CBI Left Off CARICOM Agenda as Europe’s Visa-Free Pressure Deepens: Pierre Says Region Can Only Do So Much If Brussels Changes the Rules

TIMES CARIBBEAN | Special Analysis

GROS ISLET, Saint Lucia — In what may become one of the most consequential silences of the 51st Regular Meeting of CARICOM Heads of Government, Citizenship by Investment was not formally discussed, even as Europe’s latest posture places the region’s most lucrative and controversial economic programme under renewed pressure.

The summit, hosted in Saint Lucia from July 5–8 under the chairmanship of Prime Minister Philip J. Pierre, brought regional leaders together at a time of mounting concern over visa-free access, financial resilience, and small-state sovereignty. Yet when reporters pressed Pierre on whether CARICOM had addressed the European Commission’s warning to Antigua and Barbuda over its Citizenship by Investment Programme, his response was direct: “CARICOM did not discuss CBI.”

Pierre explained that the matter was not placed before the wider regional body because CBI does not affect every CARICOM member. The five countries operating such programmes are Antigua and Barbuda, Dominica, Grenada, Saint Lucia, and St. Kitts and Nevis — the same five jurisdictions named in the OECS-backed CBI cooperation framework.

But the absence of CBI from the CARICOM table is striking. The European Union’s revised visa suspension framework now makes investor citizenship schemes a possible ground for suspending visa-free travel where citizenship is granted without a genuine link to the country. The Council of the EU says the updated rules allow the bloc to act faster when visa-free travel is considered inconsistent with EU interests.

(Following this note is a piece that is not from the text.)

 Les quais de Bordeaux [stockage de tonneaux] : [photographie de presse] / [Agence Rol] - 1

The European Commission’s latest Visa Suspension Mechanism report goes even further, stating that investor citizenship schemes in visa-free countries represent a “serious security concern” and that Eastern Caribbean countries should strengthen vetting while the programmes remain under scrutiny.

For the Caribbean, the message is sobering: reform may no longer be enough if Brussels’ policy direction has shifted from better management to eventual phase-out.

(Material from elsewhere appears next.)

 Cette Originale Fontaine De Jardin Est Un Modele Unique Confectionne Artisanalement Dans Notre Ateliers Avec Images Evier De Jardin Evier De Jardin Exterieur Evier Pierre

Pierre acknowledged that the CBI countries have been attempting to meet international expectations, including best-practice standards, strengthened due diligence, and movement toward a unified regulatory structure through the Eastern Caribbean Central Bank. But he also conceded the hard geopolitical reality: if Europe decides it no longer wants CBI-linked passports to carry visa-free access, there may be limited room for small states to change that outcome.

That statement cuts to the heart of the crisis. For years, Caribbean CBI programmes were marketed around three pillars: speed, legitimacy, and mobility. Of those, visa-free access to Europe has been the crown jewel. If that benefit weakens, the business model changes instantly.

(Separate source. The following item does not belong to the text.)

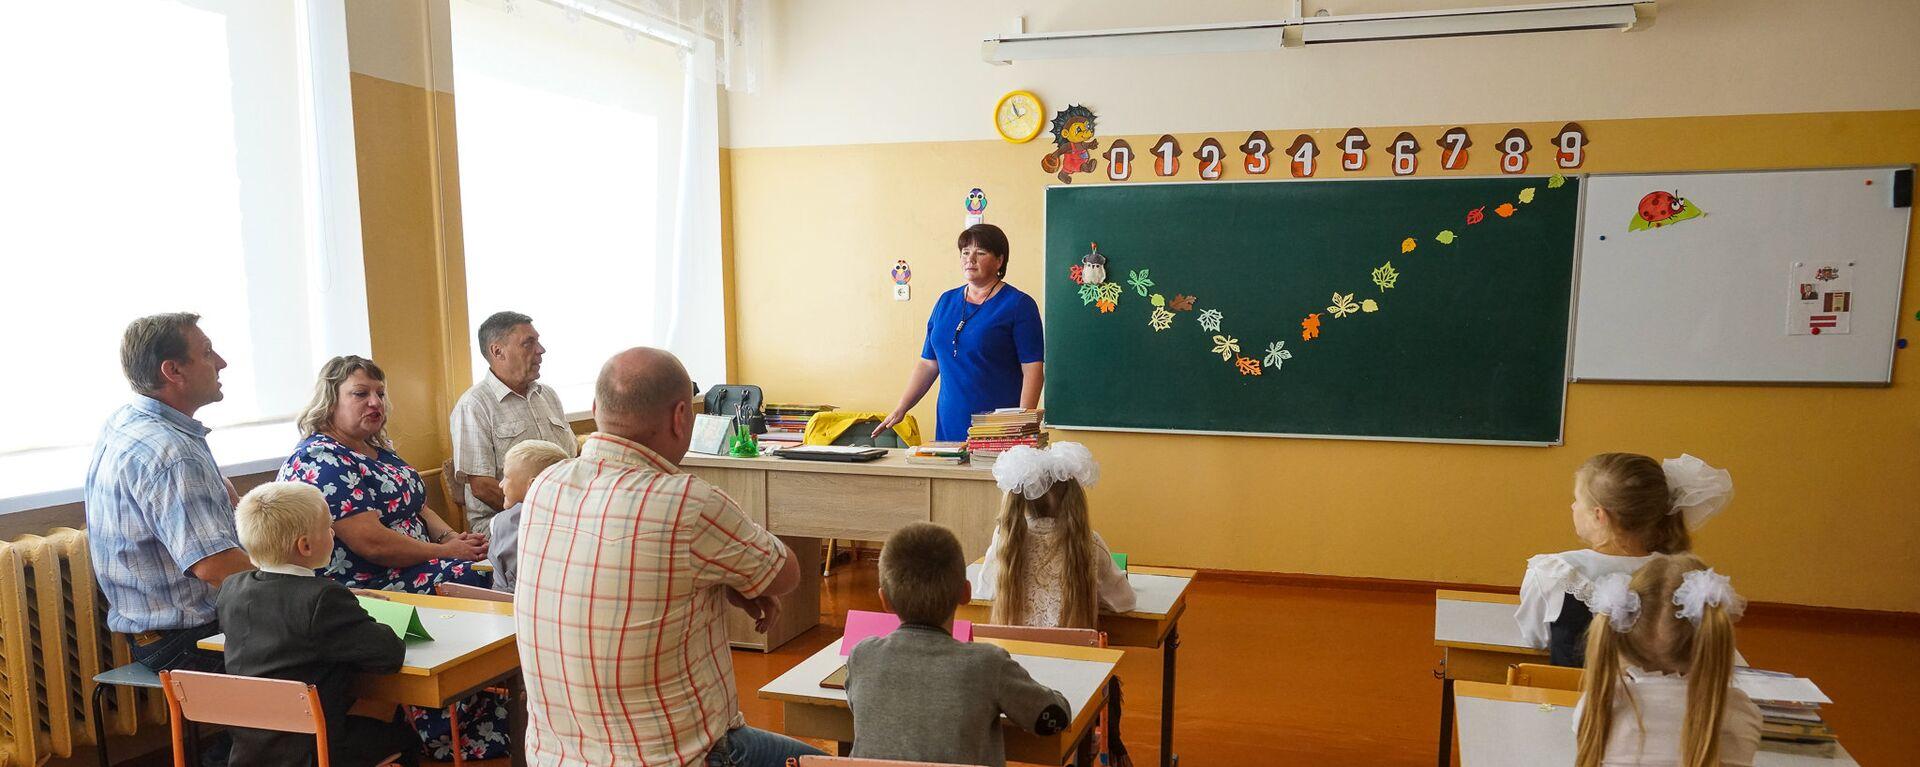 Первый и второй классы занимаются вместе. А места хватает даже родителям!  - Sputnik Латвия, 1920, 28.06.2021

Pierre compared the moment to the Caribbean’s loss of preferential treatment for bananas and sugar — industries that once stood at the centre of small-island economic survival. His message was not panic, but realism: the region has faced external shocks before, adjusted, and survived.

Still, the political question remains: should an issue affecting only five CARICOM states be handled outside the main CARICOM framework when the consequences could spill across the entire region’s reputation, diplomacy, banking access, and passport credibility?

The silence at CARICOM may have been procedural. But symbolically, it was loud.

For St. Kitts and Nevis, Antigua and Barbuda, Dominica, Grenada, and Saint Lucia, the CBI issue is no longer simply about revenue. It is about sovereignty under pressure, economic diversification under deadline, and whether the Caribbean can preserve a development tool that Europe increasingly views through a risk lens.

The next phase will not be decided by speeches alone. It will be decided by negotiation, credibility, compliance, and whether the CBI nations can present a united regional position strong enough to persuade Europe that reform is a safer path than restriction.

For now, CARICOM did not discuss CBI.

But CBI may soon force itself onto the region’s agenda.